Digital disruptor: Lemonade’s sign-up and claims process is handled online
‘A tech company doing insurance’
Unlike Anne Boden of challenger bank Starling or Tom Blomfield of Monzo, who spent years working in the finance space, Schreiber and Wininger had little experience of the insurance industry.
Instead they built their careers in the tech and software space, and say they still see Lemonade as a tech company first and foremost.
Schreiber says: ‘We self-describe as a tech company doing insurance, and not the other way around, even though we are a fully regulated insurance carrier.
‘As an insurance company powered by AI and social impact, we can displace insurance powered by piles of paperwork and phone calls with an insurance product that is customer-centric.
‘The state of affairs has gone unchallenged for far too long. Entrepreneurs were put off by the voodoo surrounding the complex regulation and capital requirements, but that is now changing.
‘So companies like Lemonade are standing up their own regulated entities, writing on their own paper, developing their own tech, and controlling all aspects of the experience.’
Low cost, ‘sustainability’ and AI bots attract under-35s
Like other disruptors, Lemonade aims to keep costs as low as possible for its customers with prices starting from £4.
As a result, the sign up and claims processes are largely handled by artificial intelligence bots, rather than a real person on the end of the phone.
Lemonade customers speak to the Lemonade bot ‘AI Maya’, receive a quote, sign up, and add coverage.
Its other bot – ‘AI Jim’ – is available 24/7 and handles claims allowing Lemonade to pay out in seconds.
By using this kind of tech, Lemonade hopes to reach new types of customers and has so far successfully captured a younger demographic. Approximately 70 per cent of its customers are under the age of 35, with about 90 per cent being first-time insurance buyers.
They hope to further solidify their hold of this demographic with its commitment to social impact, something Schreiber thinks is particularly attractive to younger demographics.
As part of its claim to be an insurance company ‘built for the 21st century’ Lemonade, which received its B Corp certification in May 2016, has made sure its business model is sustainable as possible.
Instead of pocketing all of its unclaimed premiums, a lot of the ‘leftovers’ are donated to charities the customer chooses.
This altruistic approach is being spearheaded by the B Corp movement. We have profiled a number of UK B Corps as part of our B Corp series.
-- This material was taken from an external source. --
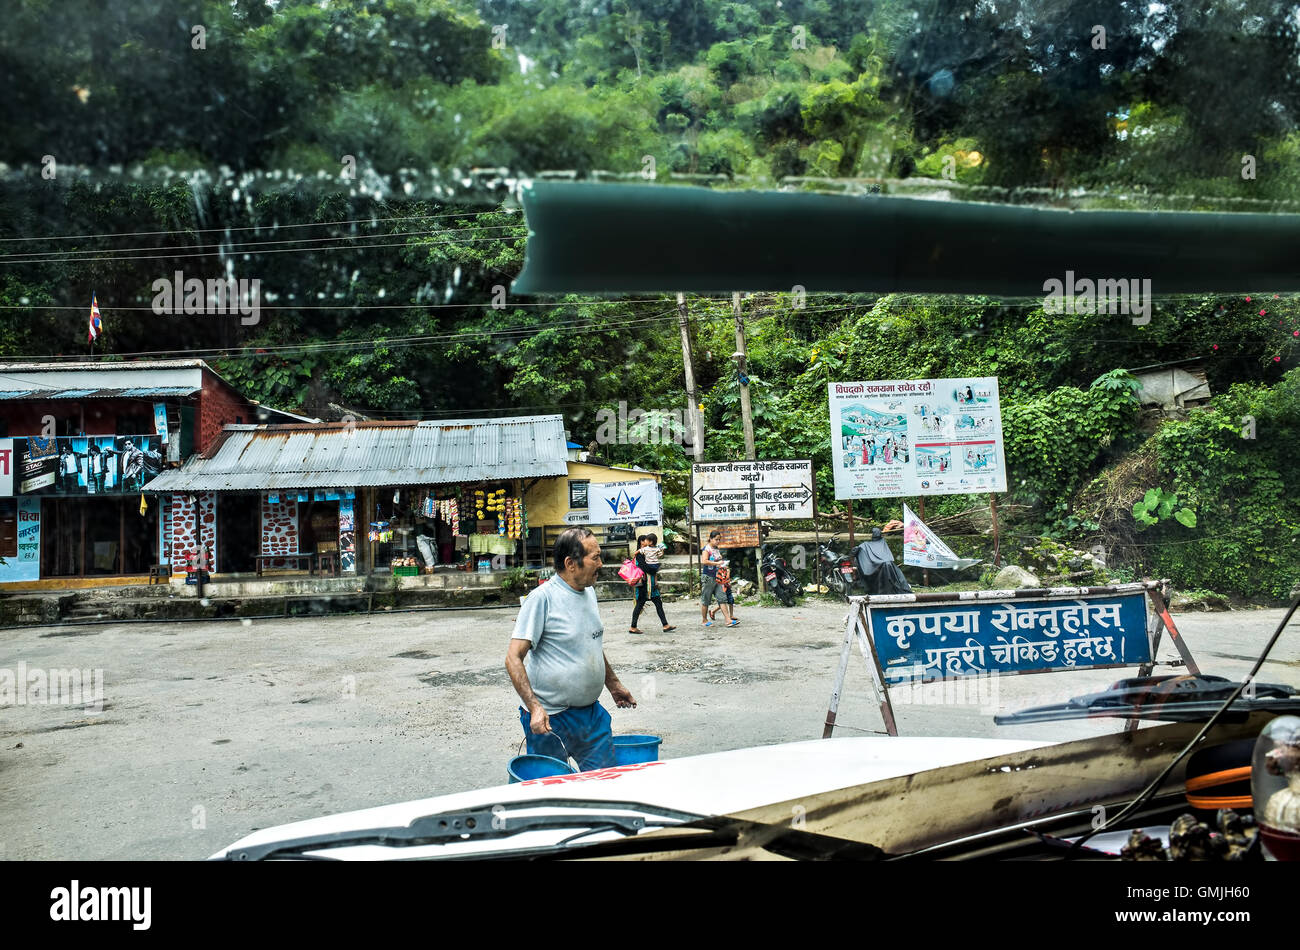 street view from front seat of a car on the way to Kathmandu, Nepal Stock Photo
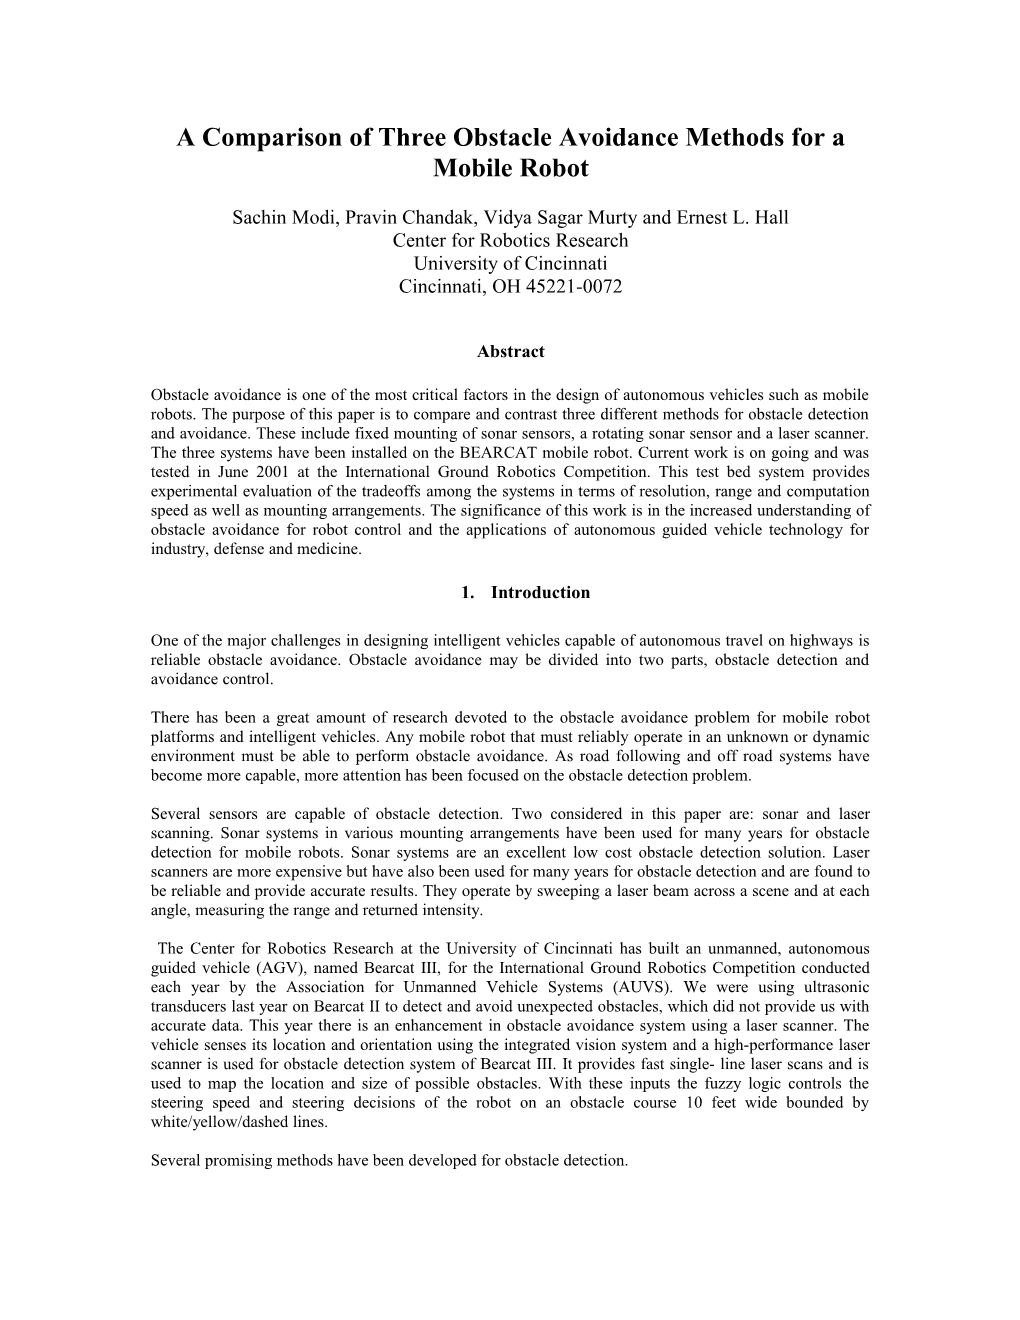 A Comparison Of Three Obstacle Avoidance Methods For A Mobile Robot

But in a cost-of-living crisis, as people reevaluate their outgoings, will people care if their insurance company is sustainable if they can get a better deal elsewhere?
‘Millennials and subsequent generations are the most sustainably-conscious customers to date and prefer to support companies that support a sustainability approach,’ says Schreiber.
‘Regardless, being powered by AI provides fairer pricing, faster response and lower costs. Big data allows more precise pricing, and automation slashes costs while improving service.’
If Lemonade can really deliver the sustainability, good service and low prices it promises, it might just be on to a winner.